The combination of these components makes it possible for Registry clients (including editors, applications, and the OS itself) to locate specific values, figure out what kind of data they contain, and get that data.

2.1.1.4 Hives

Hives aren't just for beekeepers any more.[2] In the Registry world, a hive is a portion of the Registry tree structure from any subkey under a root key on down. For example, the SOFTWARE hive contains HKEY_LOCAL_MACHINE\Software and all its subkeys, and their subkeys, and their subkeys, on down to the values attached to the "deepest" subkey.

[2] In Managing the Windows NT Registry, I admitted to not knowing where the term "hives" came from. It turns out that the Registry stores its data using a type of database called a b-tree. Where do bees live? In hives, of course.

Hives are significant because each hive corresponds to a disk file that contains the hive's data. Instead of INI files, these hive files are the actual on-disk location for the system's crucial configuration data. Consequently, they're what you need to back up and restore (you'll learn how to do this in Chapter 3). Windows 2000 normally uses eight hives: HARDWARE, SAM, SECURITY, SOFTWARE, SYSTEM, .DEFAULT, and two for the currently logged-in console user (one contains the user's profile, while the other contains the user-specific portion of HKEY_CLASSES_ROOT).

figs/nt4icon.gif Windows NT has only one hive for the logged-on user instead of two; it contains all the user's profile data.

You'll learn what each hive is for and where its corresponding file is stored in Section 2.1.3 later in this chapter. In the mean time, if you look at HKEY_LOCAL_MACHINE\SYSTEM\Control\CurrentControlSet\Control\hivelist, you can get a sneak preview of the list of supported hives.

2.1.1.5 Links

The Windows 2000 shell and filesystem support shortcuts. (You might be familiar with aliases or symbolic links, the Mac and Unix equivalents.) All a shortcut does is point to something else. For example, the Internet Explorer icon on your desktop is actually a shortcut to the real installation of whatever version of IE you have installed, if any. When you double-click it, the shell can resolve the shortcut to find the thing it points to and run that instead.

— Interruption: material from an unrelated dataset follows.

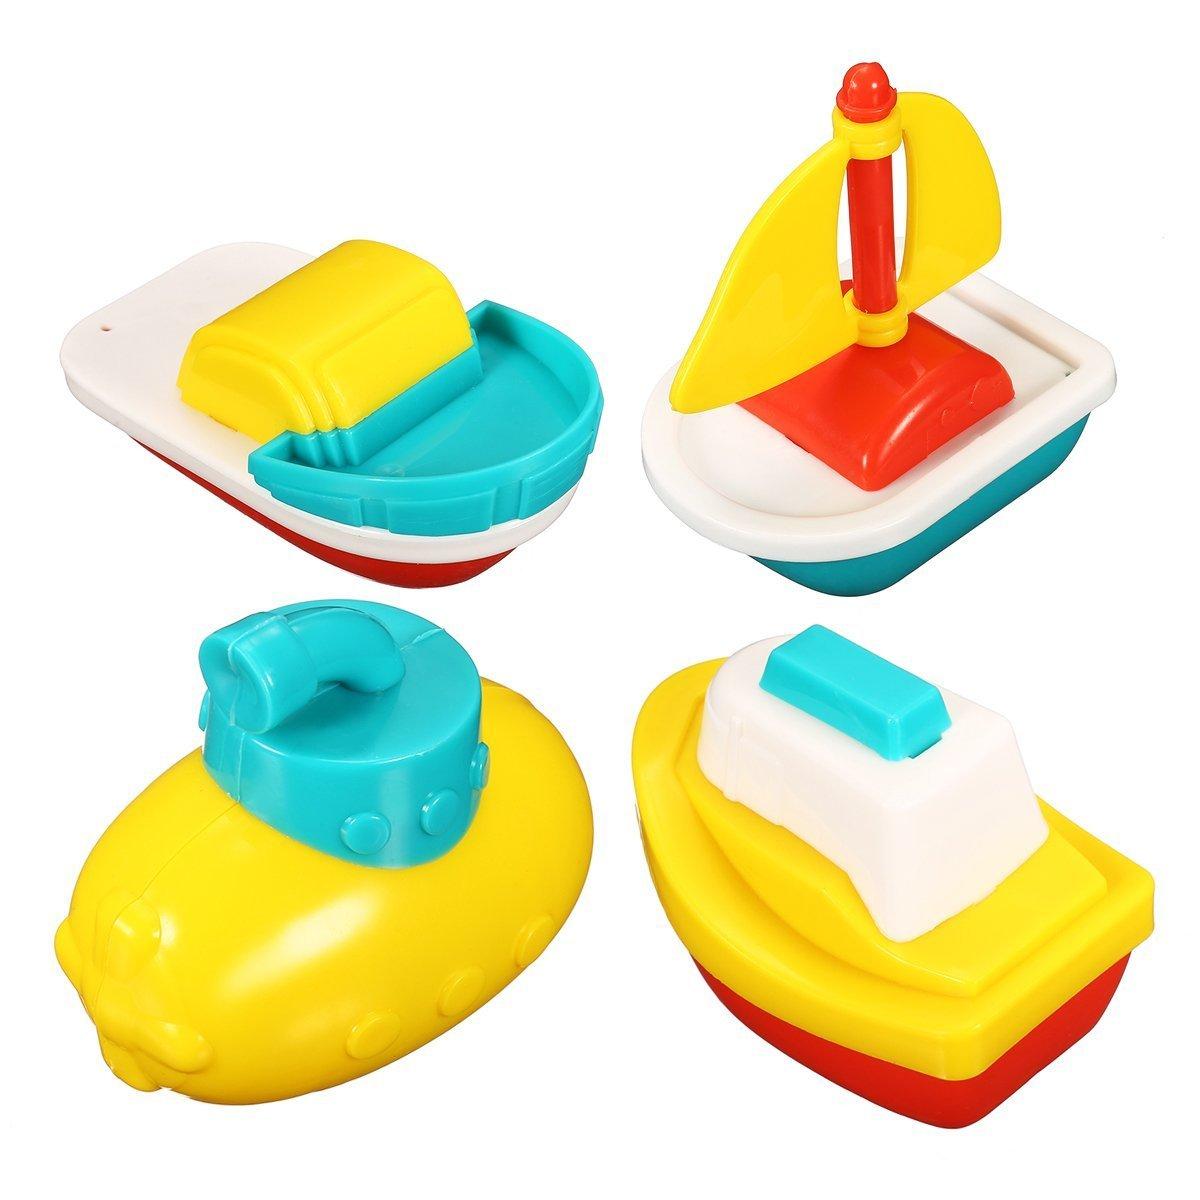 Pack de 2 N/ûby 6199 Barcos flotantes Surtido

The Registry equivalent of a shortcut is called a link. These links provide alternate paths and names for Registry subkeys. For example, the entire HKEY_CURRENT_USER root key is a link to the current user's subkey under the HKEY_USERS root. Since links can be built dynamically, it's easy to construct a link whose destination varies depending on some condition or other. Windows 2000 uses these links internally in a number of places; HKEY_LOCAL_MACHINE\System\Controls\CurrentControlSet is a link whose origin depends on which set of device drivers, hardware components, and system software is currently active.

2.1.1.6 Registry road map

Figure 2.1 shows a road map of the root keys and their major hives. As you can see, several keys and subkeys are actually links to areas in different root keys. You may find it helpful to refer back to this figure as we plunge forward into discussing the six root keys themselves.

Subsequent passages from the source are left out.